Quakers bring worship to protests against oil drilling in Sussex

In Quaker Week 2017 Louise Williamson helped unite protesters and Quakers in worship outside the gates of a new oil extraction site.

The Quaker Week meeting at Broadford Bridge
Friends and protesters are working together to keep fossil fuels in the ground. Photo: Sara Proctor

I remember noticing that something was happening at Broadford Bridge when steel doors and a chain link fence appeared at the side of a B-road I often drive down in rural Sussex. I didn't give it more thought until a piece in the local paper reported that people were protesting an oil company that had set up an extraction site there. There's actually no sign naming the little hamlet of Broadford Bridge as you pass through, it's only named on the map, and there are certainly no signs at the gate saying there's an oil well!

The protests happened at the gates every weekday and on Adversane Green nearby on Saturdays. I had meant to go one day to find out more, but it somehow didn't happen! Saturdays are so busy and I was still working full time then. But the newspaper article also mentioned a public meeting in nearby Pulborough, and I definitely intended to go to that. I'd met a keen environmentalist through my Quaker meeting, and she came along with me.

A public meeting

The company responsible for the drilling did not make an appearance at the public meeting, although they were invited - but about 300 local people did go. A geology professor spoke about acidisation, the extraction process used at Broadford Bridge. He highlighted the particular concerns about drilling there due to a major geological fault and the proximity to water flowing into local rivers. A trustee from the Campaign for the Protection of Rural England also spoke, highlighting the risks to ancient woodland and Sites of Specific Scientific Interest nearby. What was particularly a surprise to me was that various oil companies are planning the industrialisation of the whole Weald across Sussex and Surrey.

I signed up to be part of the Broadford Bridge Action Group at that meeting, and shortly after I retired in April, there was an appeal for people to join a protest at the site gate for the visit of investors with the press, so I went along to the site for the first time. I now join the protestors at the gate from time to time during the week, and Saturday afternoons usually find me at Adversane Green just up the road, highlighting the drilling to motorists on the busy A29.

Meeting in silence

During Quaker Week we held a meeting for worship at the site, which was greatly appreciated by the regular protestors. Around 30 people took part, with local protesters joining the 15 Friends who came from many different meetings, including Dorking, Horsham and Brighton. One had even cycled from Oxted! We lined up in front of the steel gates, and held a long ribbon to symbolise our unity. Quaker Week balloons and placards decorated the gates, and together we experienced a deep silence even as the traffic thundered by.

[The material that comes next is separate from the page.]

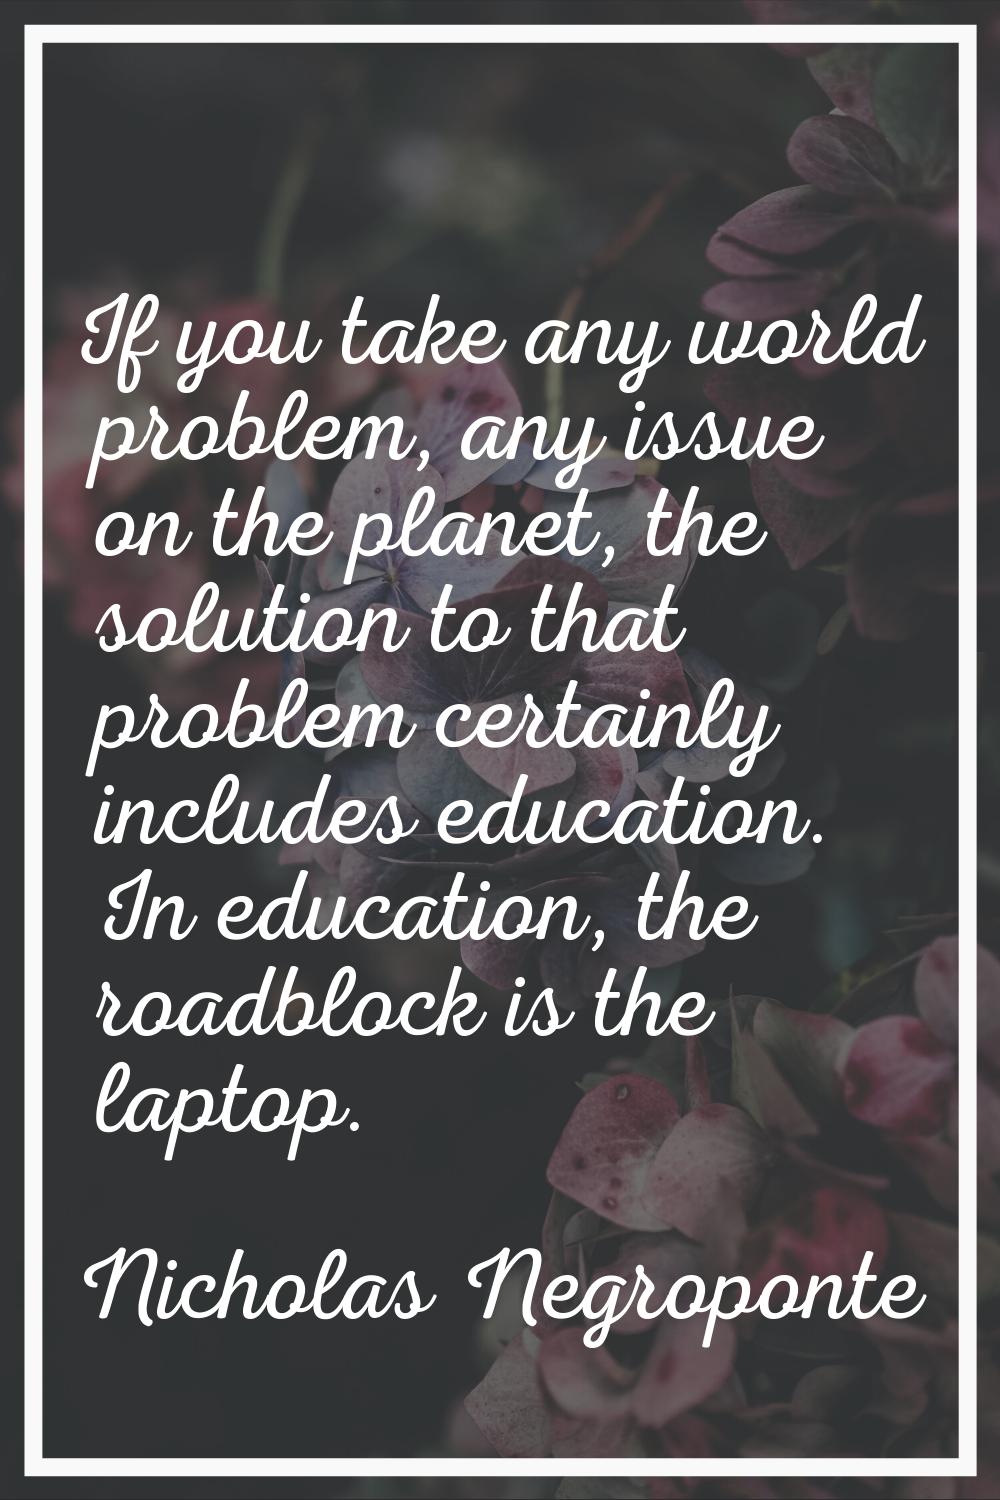 If you take any world problem, any issue on the planet, the solution to that problem certainly incl
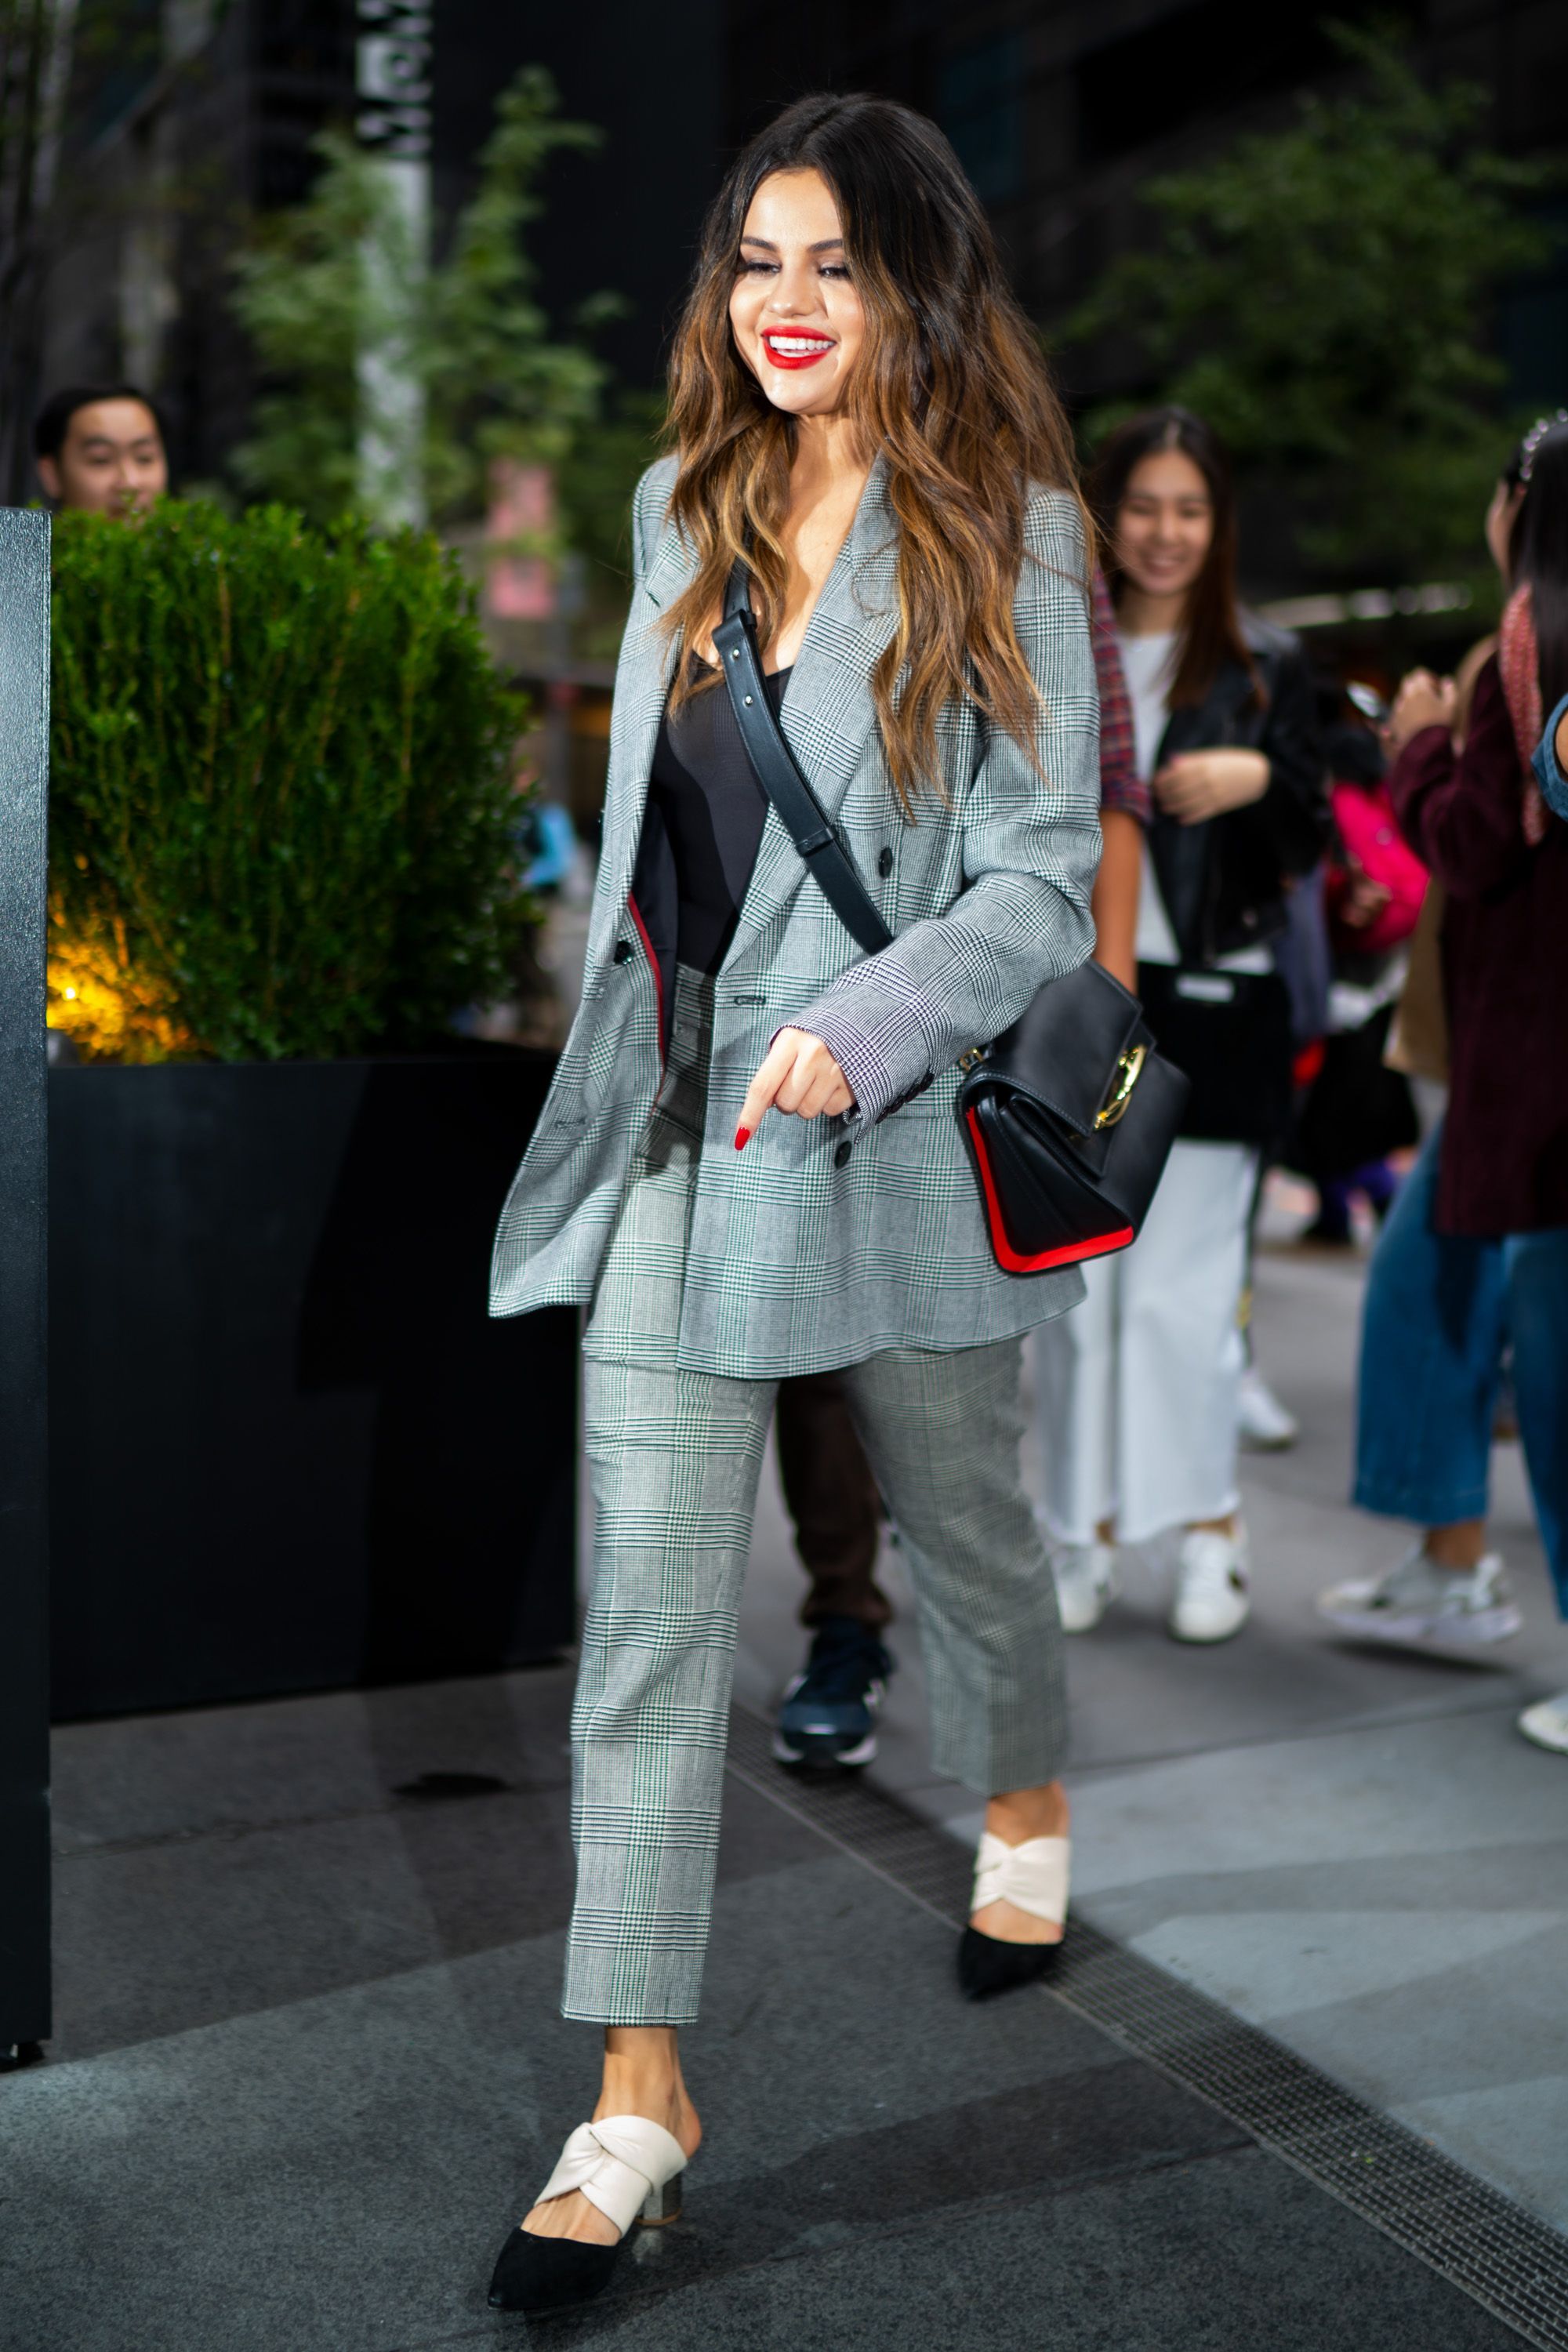 Best Selena Gomez Outfits – Cutest Selena Gomez Looks and Street Style

After the meeting closed, a couple of local activists then spoke, updating us on new developments and thanking Friends for organising and attending the vigil. A couple of regular protesters commented that some of the more occasional supporters had come that day, knowing that the protest would be peaceful and feeling more confident because of there being greater numbers present.

A growing concern

There are several other places in West Sussex where drilling has begun or where licenses are being applied for. The first license to frack in the county has just been granted. This issue is not going to go away in England, although the decision against fracking in Scotland is really encouraging.

As the concern around this and other sites grows, local Quakers are planning to hold a vigil on a monthly basis, inviting members of other faith communities to join us. This will be a way to keep the issue alive and encourage more people to be active - not necessarily by protesting at the gate, but by talking to their neighbours, by writing to their MP, by supporting the campaign financially and so on. It's still the case that many locals have no idea what's going under their noses!

The actions around the site have prompted the local meeting I belong to explore new concerns. We're now planning a discussion in the New Year about how we could give a clearer sustainability testimony in our personal lives as well as collectively – whether by switching energy supplier, car-sharing or better recycling.